Per le strutture in acciaio, le NTC 2018 richiedono che i prodotti in acciaio per uso strutturale siano qualificati all'origine e marcati CE secondo le norme armonizzate (UNI EN 10025 per i laminati, UNI EN 10210 e 10219 per i profili cavi). Il Direttore dei Lavori verifica la corrispondenza tra i certificati 3.1 del produttore e il materiale effettivamente giunto in cantiere. Per le saldature in opera, le NTC 2018 richiedono controlli non distruttivi (visivi, ultrasonori, magnetoscopici, radiografici) su una percentuale delle saldature eseguite, con percentuali crescenti per le classi di esecuzione superiori secondo la UNI EN 1090.
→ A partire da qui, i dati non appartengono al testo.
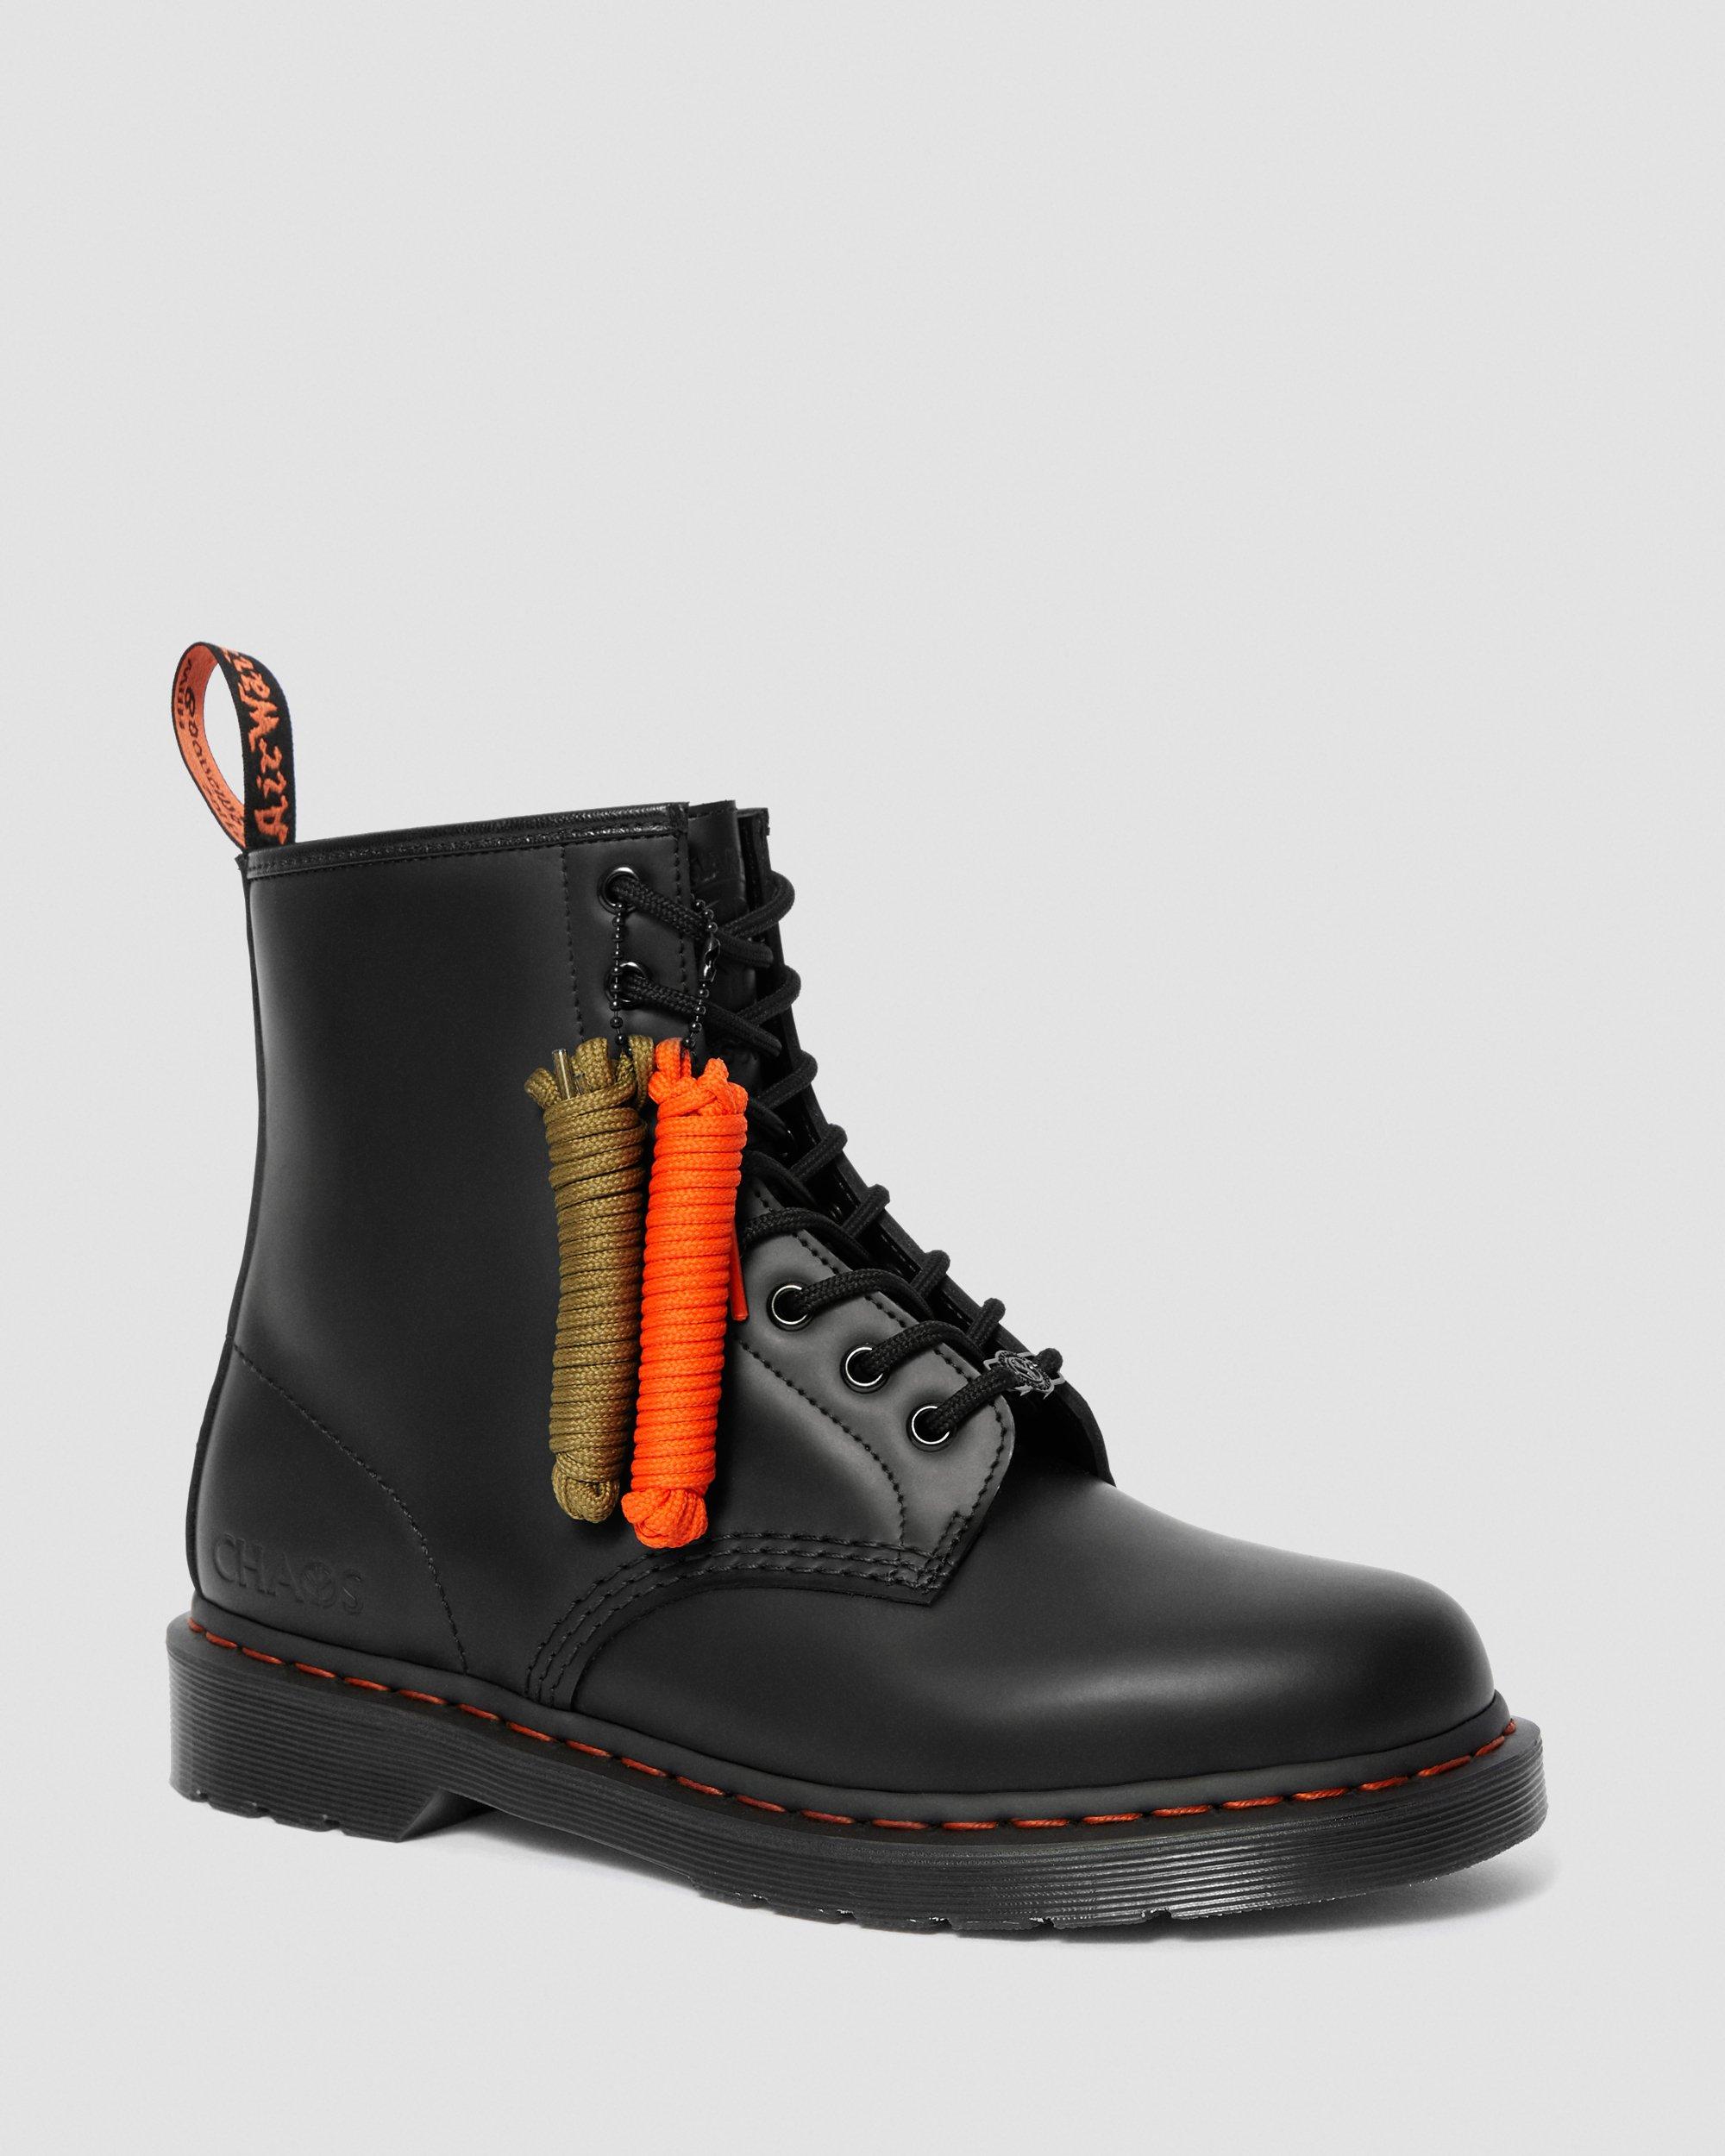 1460 Beams X Babylon Smooth Leather Boots in Black | Dr. Martens

Il legno strutturale, sia massiccio sia lamellare, deve essere classificato secondo la resistenza e marcato CE. Il legno massiccio è classificato visualmente secondo la UNI EN 14081 o meccanicamente, e ciascun elemento deve riportare il marchio del classificatore. Il legno lamellare incollato deve essere prodotto in stabilimento certificato con sistema di controllo della produzione in fabbrica (FPC) e ogni elemento deve riportare la marcatura CE con indicazione della classe di resistenza. Il Direttore dei Lavori deve verificare in cantiere la corrispondenza tra i documenti di trasporto, la marcatura e le specifiche di progetto.
4Monitoraggio strutturale e manutenzione
Le NTC 2018 al paragrafo 9.3 introducono il concetto di monitoraggio strutturale come strumento complementare al collaudo e alla manutenzione programmata. Il monitoraggio consiste nella misurazione periodica o continua di grandezze significative (spostamenti, deformazioni, accelerazioni, temperature, fessurazioni) per verificare che il comportamento della struttura nel tempo sia conforme alle previsioni progettuali. Il monitoraggio è particolarmente importante per le strutture strategiche, per le infrastrutture di trasporto e per le strutture esistenti oggetto di intervento.
I sistemi di monitoraggio strutturale (Structural Health Monitoring — SHM) possono essere statici (misura di spostamenti e deformazioni a lungo termine) o dinamici (misura di vibrazioni e accelerazioni). I sensori più utilizzati comprendono estensimetri a corda vibrante, inclinometri, accelerometri, trasduttori di spostamento, sensori a fibra ottica (FBG — Fiber Bragg Grating) e celle di carico. I dati acquisiti vengono trasmessi a una centrale di elaborazione che effettua l'analisi in tempo reale e genera allarmi in caso di superamento delle soglie prestabilite.
Il piano di manutenzione della parte strutturale dell'opera è un documento richiesto dalle NTC 2018 e deve essere redatto dal progettista strutturale. Il piano definisce le operazioni di manutenzione ordinaria e straordinaria necessarie per conservare nel tempo le prestazioni strutturali dell'opera: ispezioni visive periodiche, controllo delle fessurazioni, verifica delle protezioni anticorrosione, manutenzione dei giunti strutturali, controllo dei dispositivi antisismici. Il piano indica anche la periodicità delle ispezioni e i criteri di valutazione dello stato di conservazione.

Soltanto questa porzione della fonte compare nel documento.